··· Material shown

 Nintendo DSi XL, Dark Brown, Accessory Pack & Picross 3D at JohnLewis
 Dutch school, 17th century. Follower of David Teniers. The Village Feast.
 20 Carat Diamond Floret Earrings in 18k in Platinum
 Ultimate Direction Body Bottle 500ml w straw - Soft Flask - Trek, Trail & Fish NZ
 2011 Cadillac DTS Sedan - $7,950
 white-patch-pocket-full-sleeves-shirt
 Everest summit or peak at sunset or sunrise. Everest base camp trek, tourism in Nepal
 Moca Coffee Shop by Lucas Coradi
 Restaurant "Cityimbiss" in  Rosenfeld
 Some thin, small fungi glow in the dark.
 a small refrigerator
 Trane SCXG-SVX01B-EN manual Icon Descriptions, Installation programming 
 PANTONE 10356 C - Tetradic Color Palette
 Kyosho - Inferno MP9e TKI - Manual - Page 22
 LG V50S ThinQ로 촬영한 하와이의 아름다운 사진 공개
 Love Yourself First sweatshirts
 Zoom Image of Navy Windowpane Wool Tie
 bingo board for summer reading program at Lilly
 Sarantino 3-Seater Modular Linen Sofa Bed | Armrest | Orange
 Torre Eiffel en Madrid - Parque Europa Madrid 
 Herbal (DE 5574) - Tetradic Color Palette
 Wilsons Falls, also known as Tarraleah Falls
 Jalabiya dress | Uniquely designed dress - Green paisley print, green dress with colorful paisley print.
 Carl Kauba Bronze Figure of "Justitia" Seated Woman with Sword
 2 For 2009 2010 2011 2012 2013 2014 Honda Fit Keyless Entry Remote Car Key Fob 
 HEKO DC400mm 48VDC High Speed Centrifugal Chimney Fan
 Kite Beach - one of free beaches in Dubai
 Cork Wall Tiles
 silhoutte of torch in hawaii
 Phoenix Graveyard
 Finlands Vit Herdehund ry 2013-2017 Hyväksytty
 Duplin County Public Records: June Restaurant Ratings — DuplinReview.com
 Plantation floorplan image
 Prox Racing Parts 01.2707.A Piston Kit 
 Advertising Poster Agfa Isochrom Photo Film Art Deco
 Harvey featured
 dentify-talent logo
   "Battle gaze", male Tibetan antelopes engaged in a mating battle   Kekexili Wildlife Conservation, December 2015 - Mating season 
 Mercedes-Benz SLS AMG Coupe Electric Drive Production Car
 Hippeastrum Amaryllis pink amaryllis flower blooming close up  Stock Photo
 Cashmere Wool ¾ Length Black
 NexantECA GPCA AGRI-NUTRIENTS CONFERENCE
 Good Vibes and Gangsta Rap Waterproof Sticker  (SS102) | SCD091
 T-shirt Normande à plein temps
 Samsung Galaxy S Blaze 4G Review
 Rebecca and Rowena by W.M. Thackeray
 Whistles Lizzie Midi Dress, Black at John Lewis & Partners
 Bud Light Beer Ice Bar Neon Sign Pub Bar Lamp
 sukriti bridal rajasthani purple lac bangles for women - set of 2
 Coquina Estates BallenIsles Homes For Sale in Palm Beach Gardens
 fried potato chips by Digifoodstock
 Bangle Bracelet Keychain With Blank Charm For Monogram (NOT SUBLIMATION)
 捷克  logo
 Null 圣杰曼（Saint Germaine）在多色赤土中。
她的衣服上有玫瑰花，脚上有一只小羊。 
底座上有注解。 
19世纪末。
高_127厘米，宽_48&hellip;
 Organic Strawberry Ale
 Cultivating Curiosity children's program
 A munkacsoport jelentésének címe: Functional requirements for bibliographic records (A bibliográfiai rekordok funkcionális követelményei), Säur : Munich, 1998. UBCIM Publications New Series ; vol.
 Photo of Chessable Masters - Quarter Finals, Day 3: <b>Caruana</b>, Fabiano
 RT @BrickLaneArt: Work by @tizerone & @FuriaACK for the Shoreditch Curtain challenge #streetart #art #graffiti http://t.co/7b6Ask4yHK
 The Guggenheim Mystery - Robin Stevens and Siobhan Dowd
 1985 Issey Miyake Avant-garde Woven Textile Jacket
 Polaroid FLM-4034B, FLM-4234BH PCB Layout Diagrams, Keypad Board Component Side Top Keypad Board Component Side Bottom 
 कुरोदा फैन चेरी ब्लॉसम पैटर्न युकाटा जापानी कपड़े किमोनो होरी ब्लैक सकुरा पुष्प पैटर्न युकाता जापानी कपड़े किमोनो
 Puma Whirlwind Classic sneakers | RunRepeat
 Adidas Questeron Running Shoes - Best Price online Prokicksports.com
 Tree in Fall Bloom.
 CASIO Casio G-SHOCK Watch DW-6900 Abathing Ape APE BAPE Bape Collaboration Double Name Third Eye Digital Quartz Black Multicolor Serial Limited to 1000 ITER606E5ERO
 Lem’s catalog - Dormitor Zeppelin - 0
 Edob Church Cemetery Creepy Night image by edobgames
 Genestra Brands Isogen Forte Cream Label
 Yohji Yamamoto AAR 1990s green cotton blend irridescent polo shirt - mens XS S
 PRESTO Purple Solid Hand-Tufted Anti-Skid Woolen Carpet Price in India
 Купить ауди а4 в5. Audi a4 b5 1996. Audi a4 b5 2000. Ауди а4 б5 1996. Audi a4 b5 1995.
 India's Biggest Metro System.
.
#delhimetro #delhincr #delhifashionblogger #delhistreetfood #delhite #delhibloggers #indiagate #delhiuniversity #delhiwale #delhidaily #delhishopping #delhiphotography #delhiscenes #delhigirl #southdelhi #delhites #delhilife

······

# Exercise description
Look through the entries above and report each line where the string "small" occurs.

# Answer to this exercise
 Some thin, small fungi glow in the dark.
 a small refrigerator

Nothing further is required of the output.